Aim of the exercise.
Without reproducing any image, print the listing below exactly.

Provided material.
^^^^^^^^
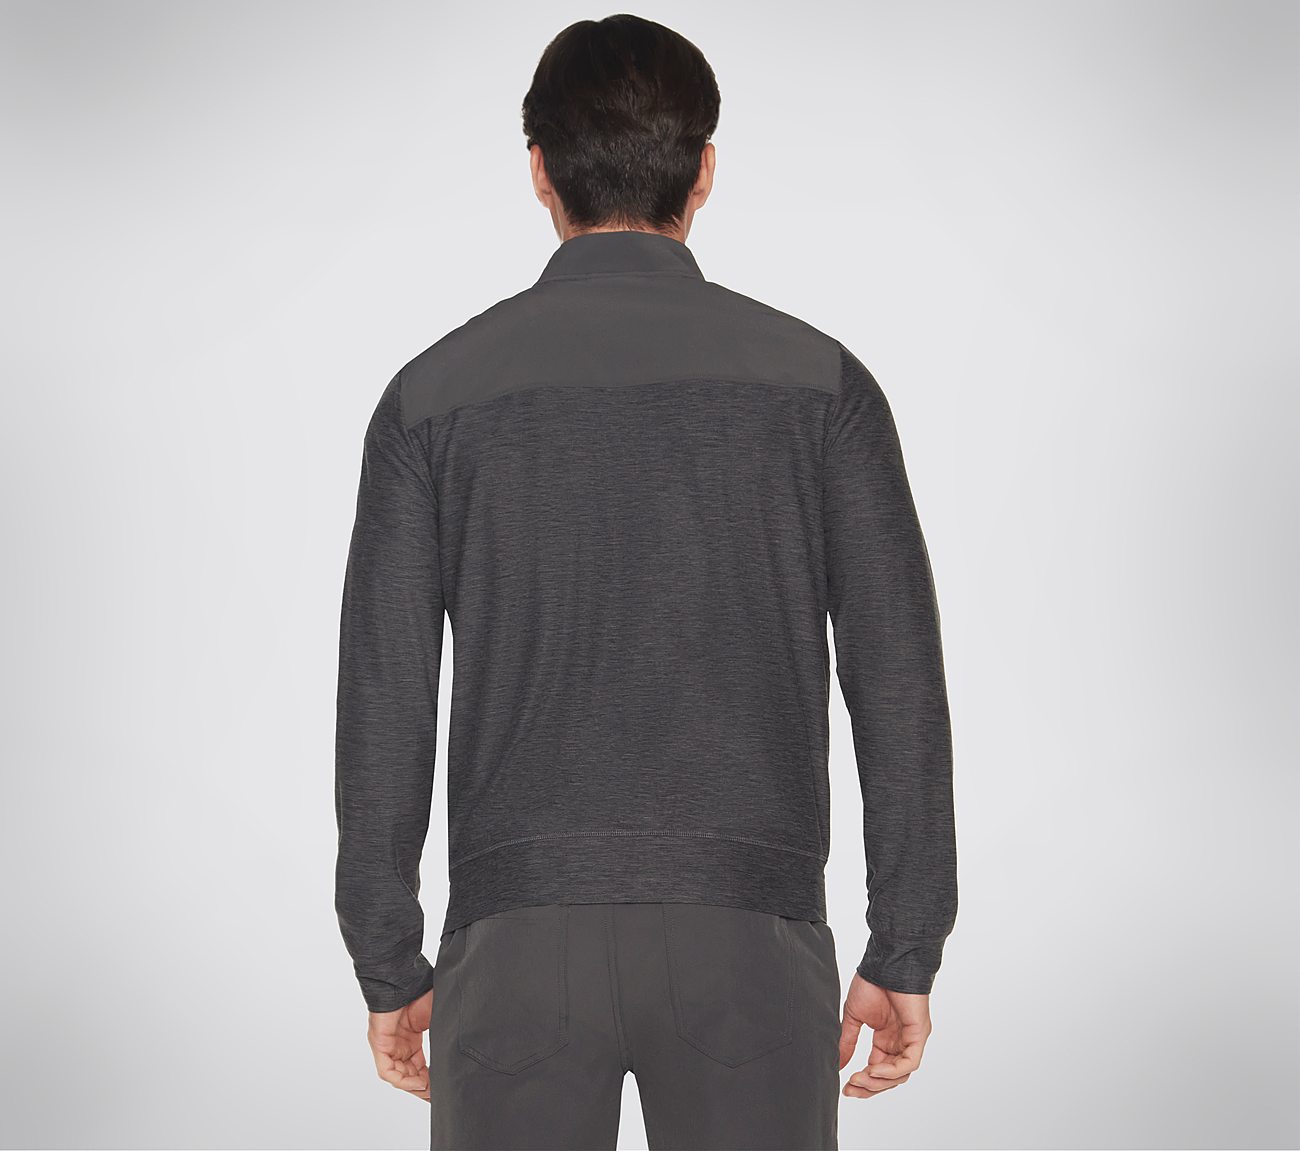 THE HOODLESS HOODIE ULTRA GO, BLACK/CHARCOAL Apparels Top View
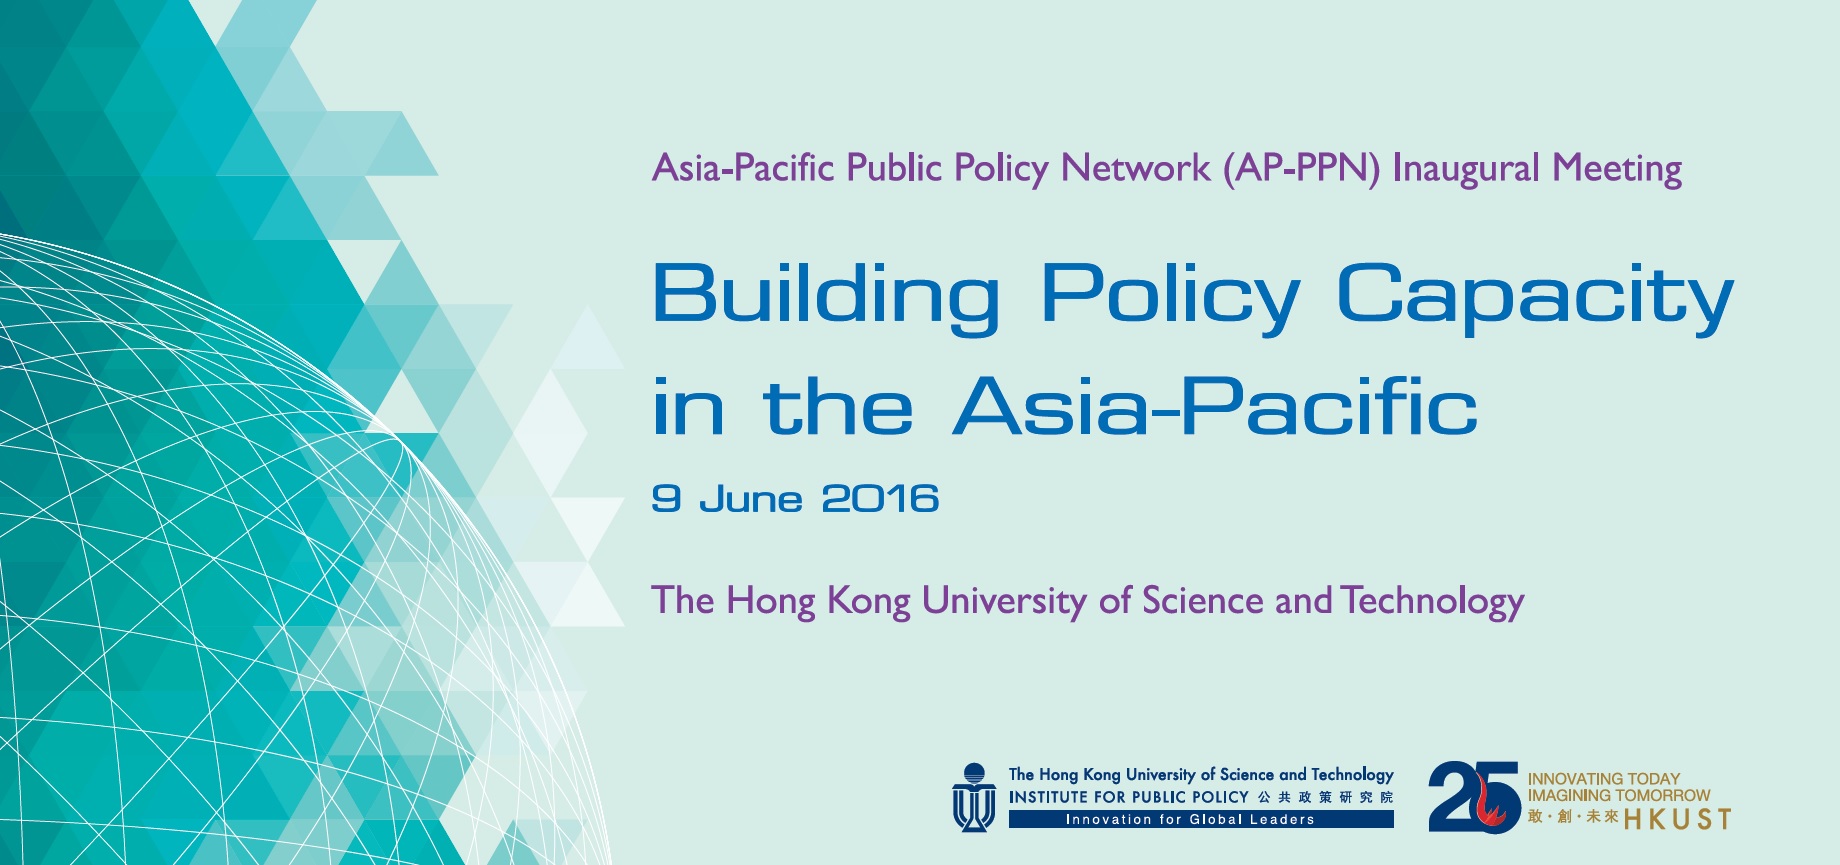 Asia-Pacific Public Policy Network (AP-PPN) Inaugural Meeting
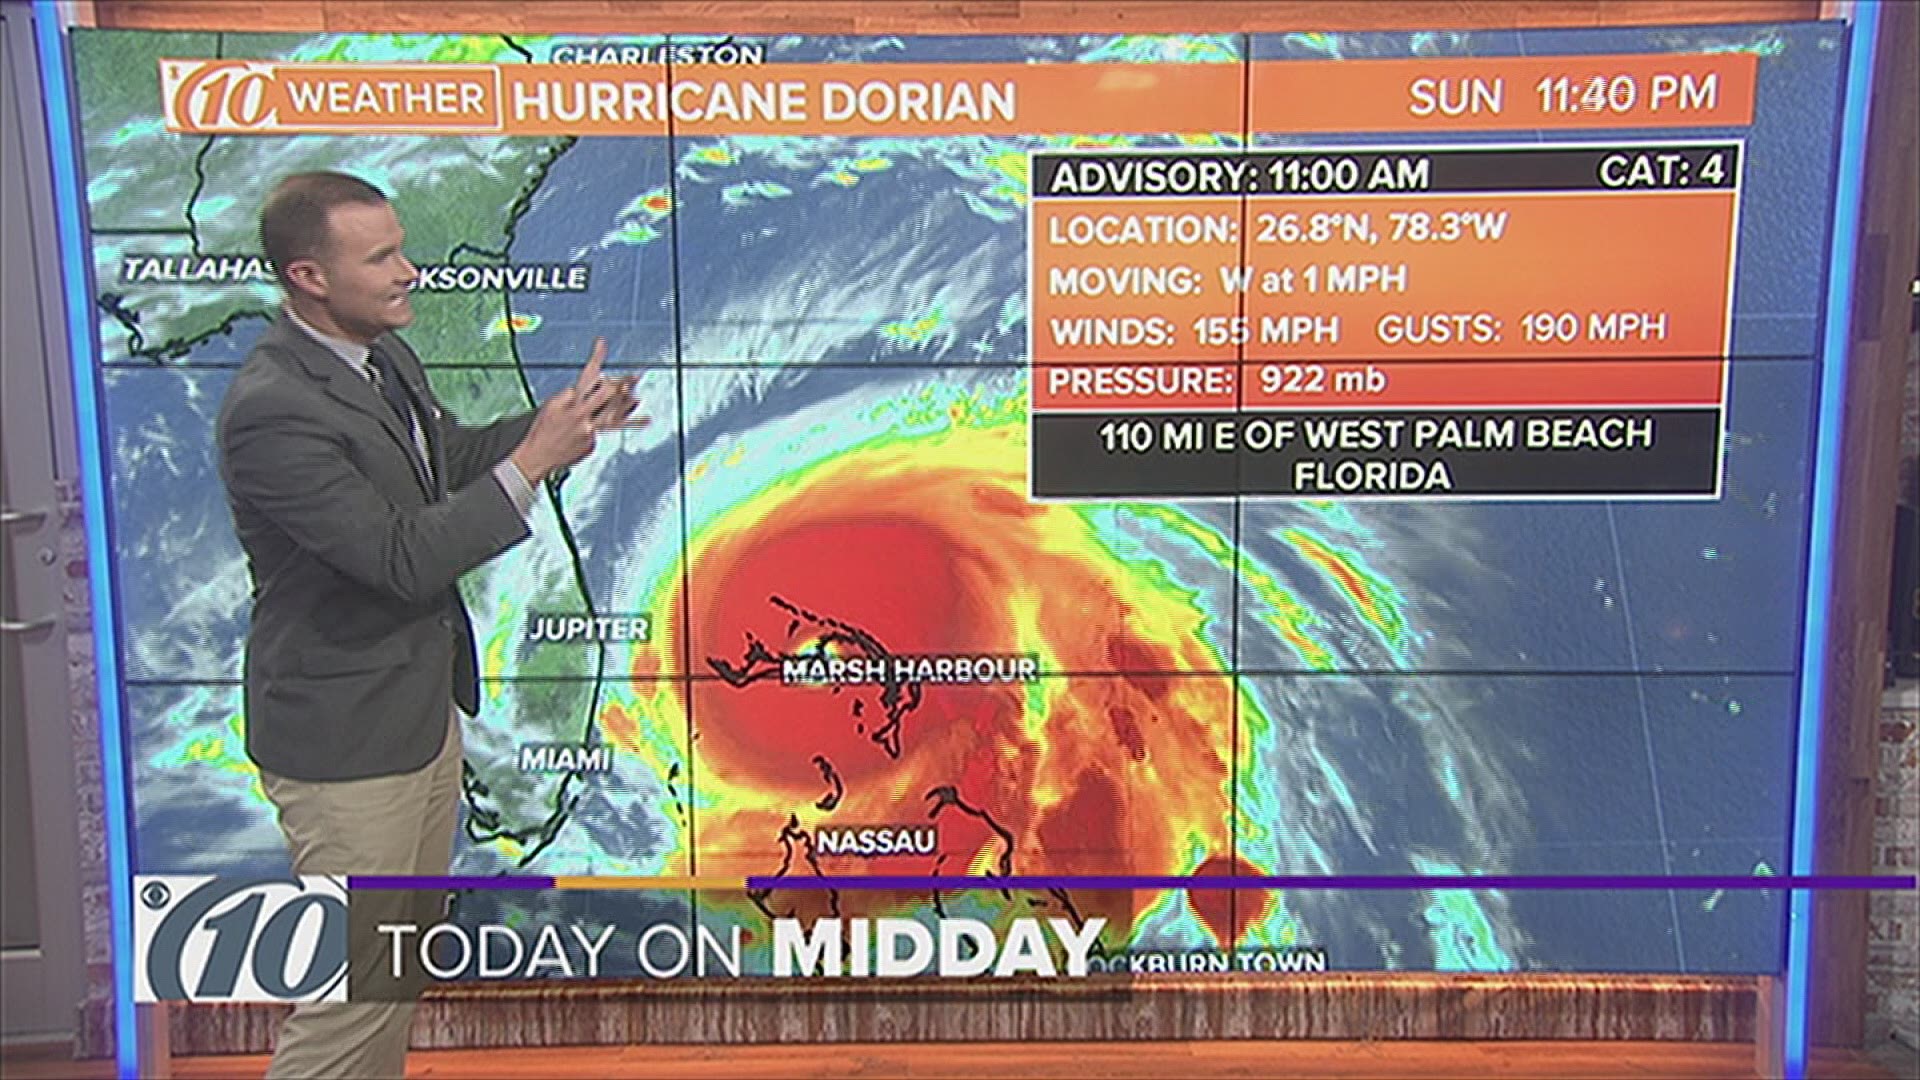 Hurricane Dorian is now a Category 4 storm with winds up to 155 mph.
^^^^^^^^
Answer to the problem.
 THE HOODLESS HOODIE ULTRA GO, BLACK/CHARCOAL Apparels Top View
 Asia-Pacific Public Policy Network (AP-PPN) Inaugural Meeting
 Hurricane Dorian is now a Category 4 storm with winds up to 155 mph.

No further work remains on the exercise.